Wissenswertes

Corona-News kompakt

+++ Große Antikörper-Review +++ mehr Geld für die WHO +++ Remdesivir wird inhalativ getestet +++ schlechte Luft in Klassenzimmern +++ EU-Ratspräsidentschaft +++ Auszeichnung für Drosten-Podcast +++ Was ist eigentlich die gefürchtete „Zweite Welle“? +++ die AOK-Achterbahn


Corona-News KW 26

Remdesivir hat bisherigen klinischen Studien die größte positive Wirkung in der Frühphase einer COVID-19-Erkrankung, bei Patienten noch nicht im Krankenhaus behandelt werden müssen. Das Virustatikum, einst gegen Ebola entwickelt, wird dazu intravenös verabreicht. Es hemmt RNA-Polymerase der Viren, die diese zur Vermehrung benötigen.

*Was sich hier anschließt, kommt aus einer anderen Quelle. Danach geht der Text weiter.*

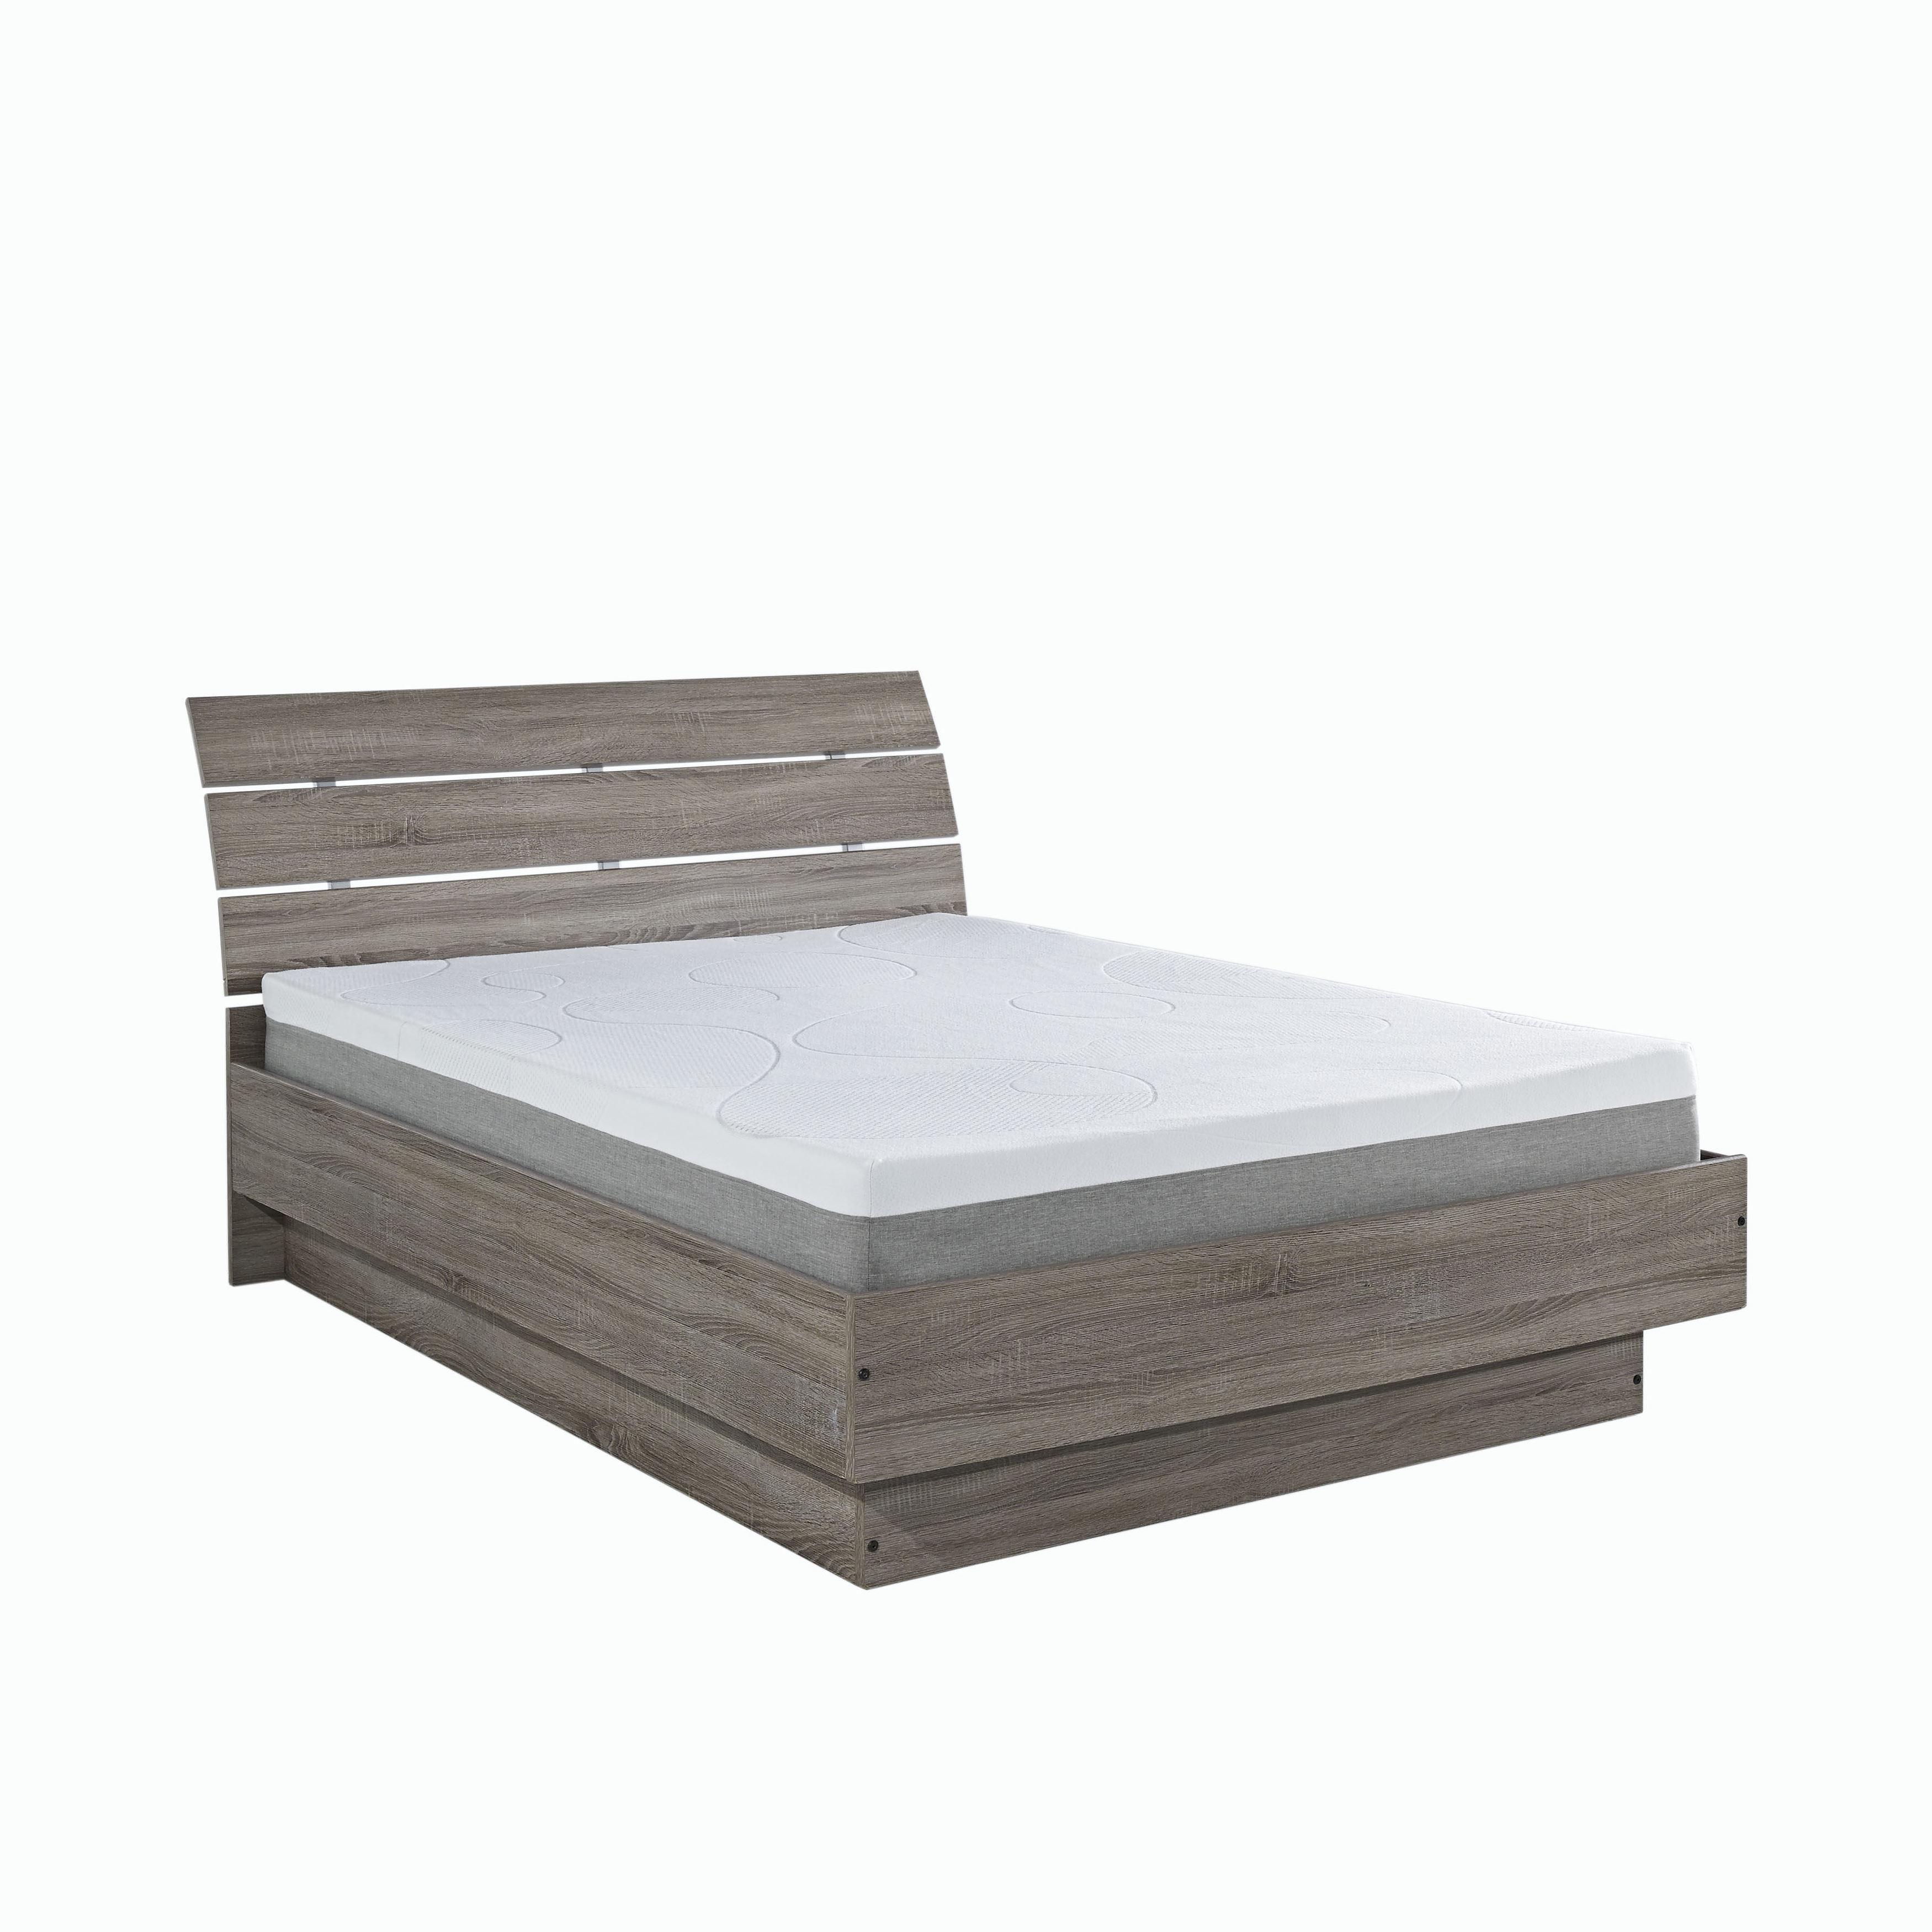 full mattress size. Slumber Solutions Choose Your Comfort 12-inch Full-size Gel Memory Foam Mattress + Bonus Pad - Free Shipping Today Overstock 15869716 Full Size

Die intravenöse Vergabe ist in der ambulanten Therapie jedoch unpraktisch. Der Hersteller Gilead hat daher eine neue Verabreichungsform entwickelt. Die inhalative Form soll jetzt getestet werden. Die amerikanische Arzneimittelbehörde FDA erteilte die Zustimmung für die erste klinische Studie. Gilead lässt diese umgehend anlaufen.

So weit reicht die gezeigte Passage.